The IAAF published a study concluding that higher levels of testosterone do, in fact, contribute to the level of performance in track and field. However, higher testosterone levels have never been the sole determining factor for sex or gender. There are conditions that affect women, such as PCOS, in which the ovaries produce extra amounts of testosterone. However, those women never have their womanhood called into question, nor should they—and neither should Semenya.

Every aspect of the issue surrounding Semenya's body has been deplorable, to say the least. However, there has not been enough recognition as to how invasive and degrading sex testing actually is. For any woman, at any age, to have her body forcibly examined and studied like a science project by "experts" is humiliating and unethical. Under no circumstances have Semenya's health or well-being been considered upon discovering that her body allegedly produces an excessive amount of testosterone.

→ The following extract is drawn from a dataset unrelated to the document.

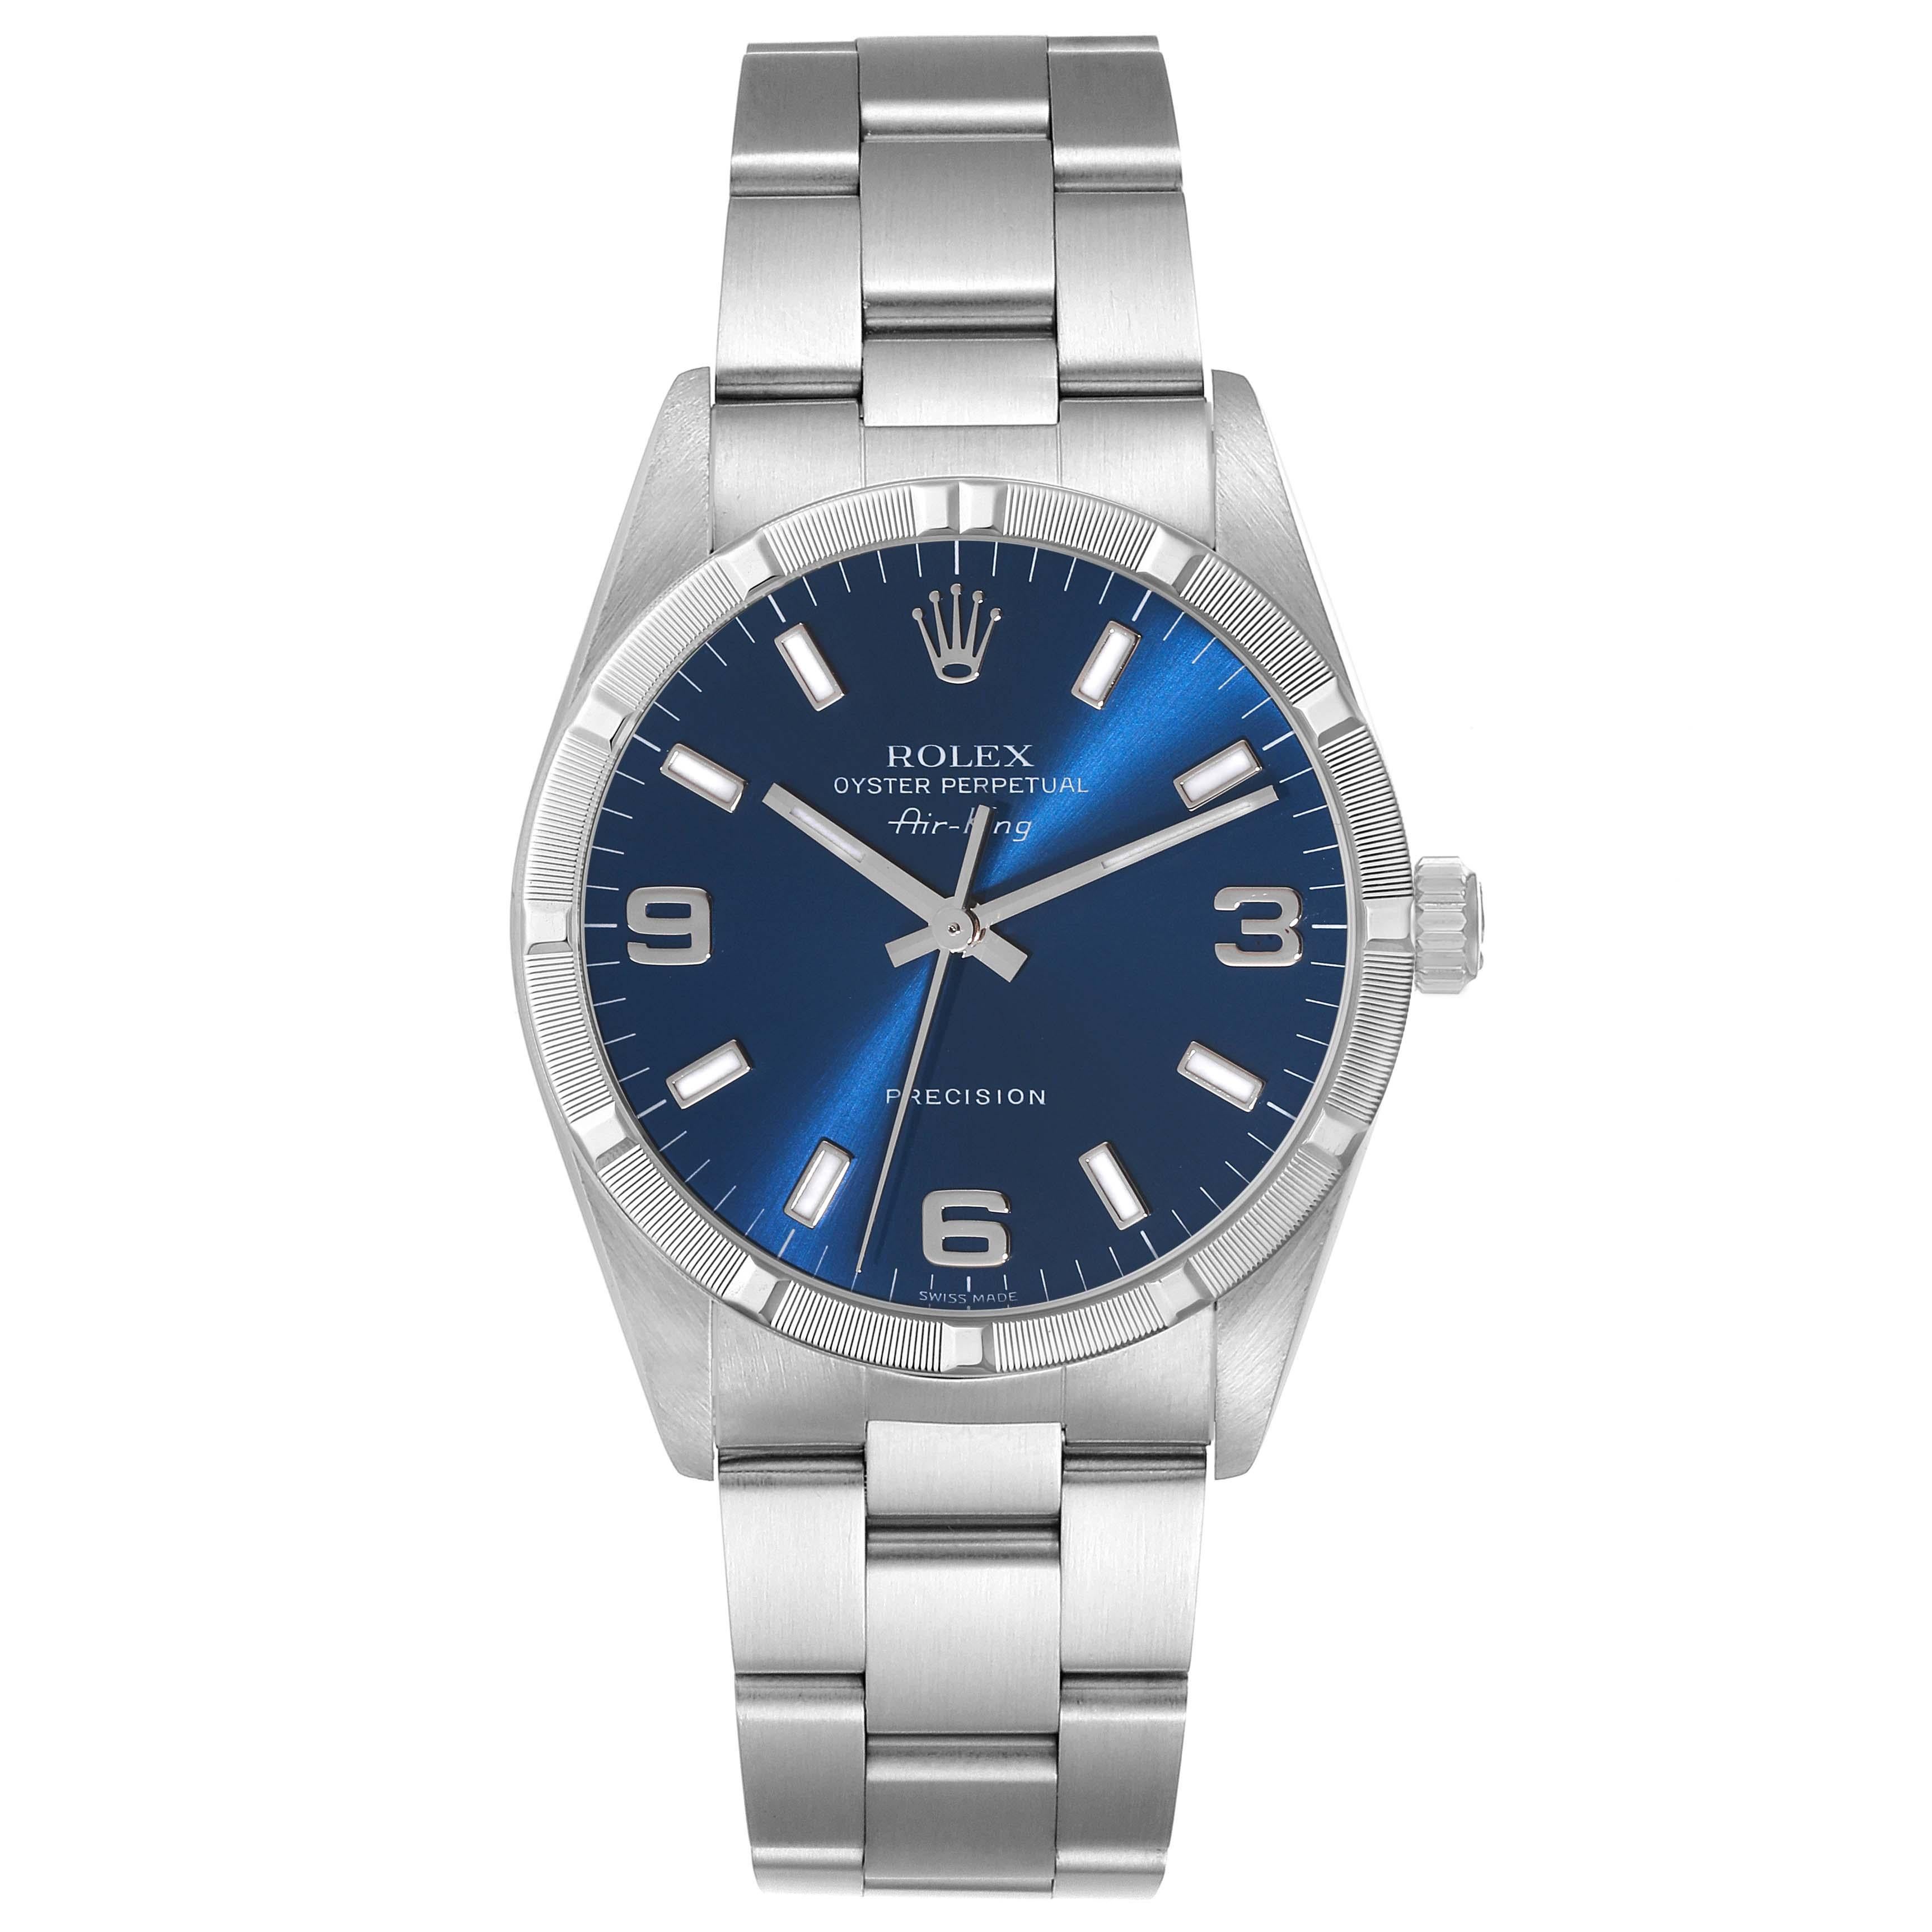 Rolex Air King Blue Dial Engine Turned Bezel Steel Mens Watch 14010. Automatic self-winding movement. Stainless steel case 34 mm in diameter. Rolex logo on the crown. Stainless steel engine turned bezel. Scratch resistant sapphire crystal. Blue dial
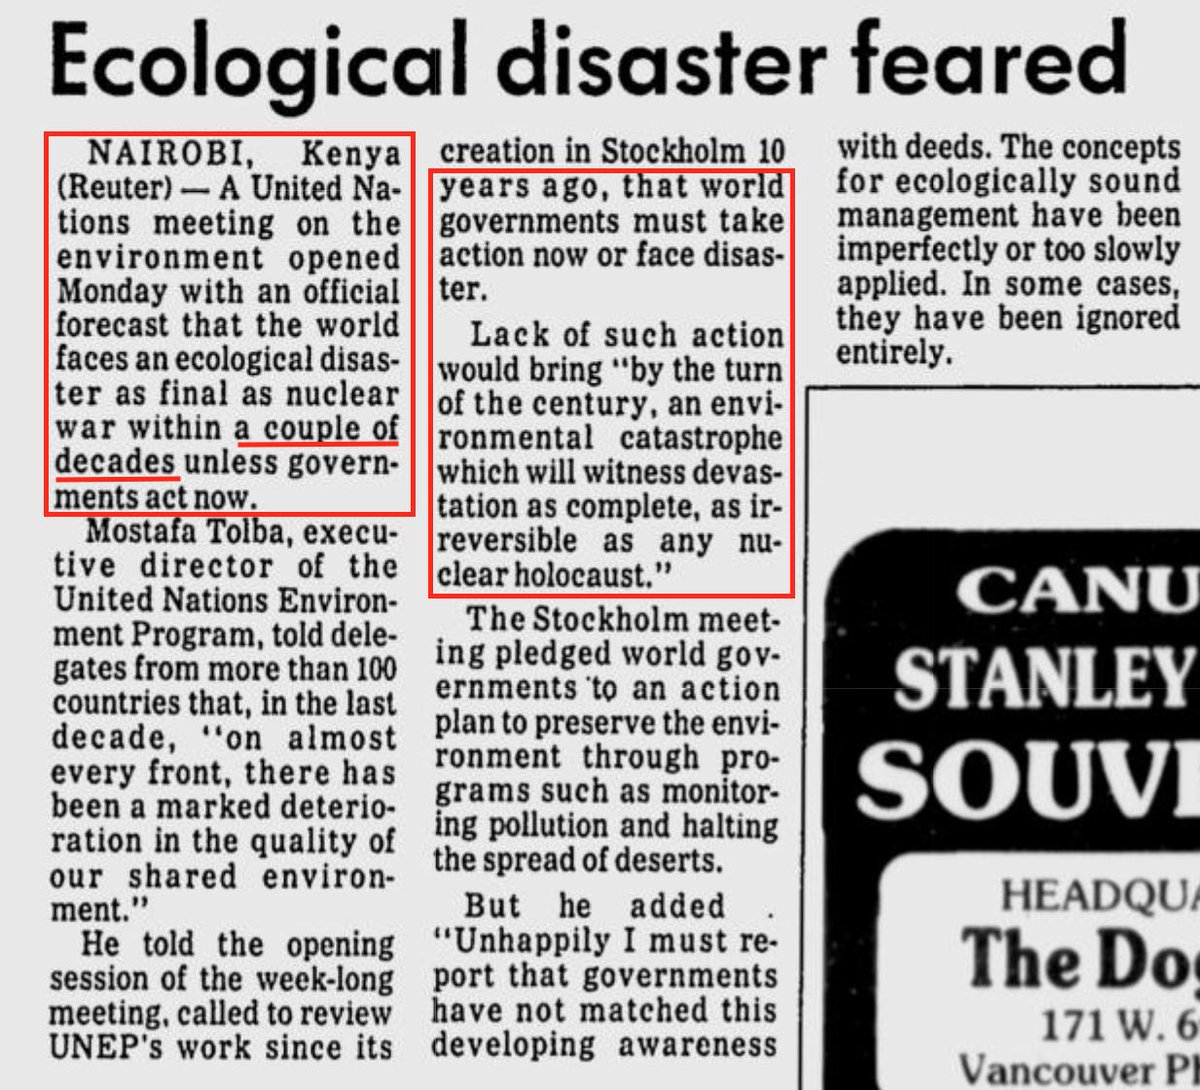 26. Nevertheless, by 1982, according to the media and the UN, the world faced an environmental catastrophe with devastation as great as nuclear holocaust within 2 decades "unless governments act NOW." https://news.google.com/newspapers?id=o5tlAAAAIBAJ&sjid=TYwNAAAAIBAJ&dq=ecological%20holocaust&pg=5103%2C351973

For the sake of an organization, for the comfort of white female athletes who felt as though Semenya's gender was an unfair advantage against them, Semenya and other women like her, must undergo hormone treatment to reduce their performance to that of which women are expected to perform at. Yet some women within the athletic community are unphased by this direct attempt to further prove women as inferior athletes.

As difficult as this global invasion of privacy has been for the athlete, the humiliation and sense of violation is felt by her people in South Africa. Writer and activist, Kari, reported that Semenya has had the country's undying support since her first global appearance in 2009. Even after the IAAF released their new regulations, South Africans have refuted their accusations. Kari stated, "The Minister of Sports and Recreation and the Africa National Congress, South Africa's ruling party labeled the decision as anti-sport, racist, and homophobic." It is no secret that the build and appearance of Black women have always been met with racist and sexist commentary. Because Black women have never managed to fit into the European standard of beauty catered to and in favor of white women, the accusations of Semenya appearing too masculine were unsurprising.

Despite the countless injustices Semenya has faced over the years, she remains as determined as ever to return to track and field and compete amongst women as the woman she is. Her fight against the IAAF's regulations continues as the Olympic champion has been receiving and outpour of support in wake of the Association's decision. Semenya is determined to run again, win again, and set new and inclusive standards for women's sports.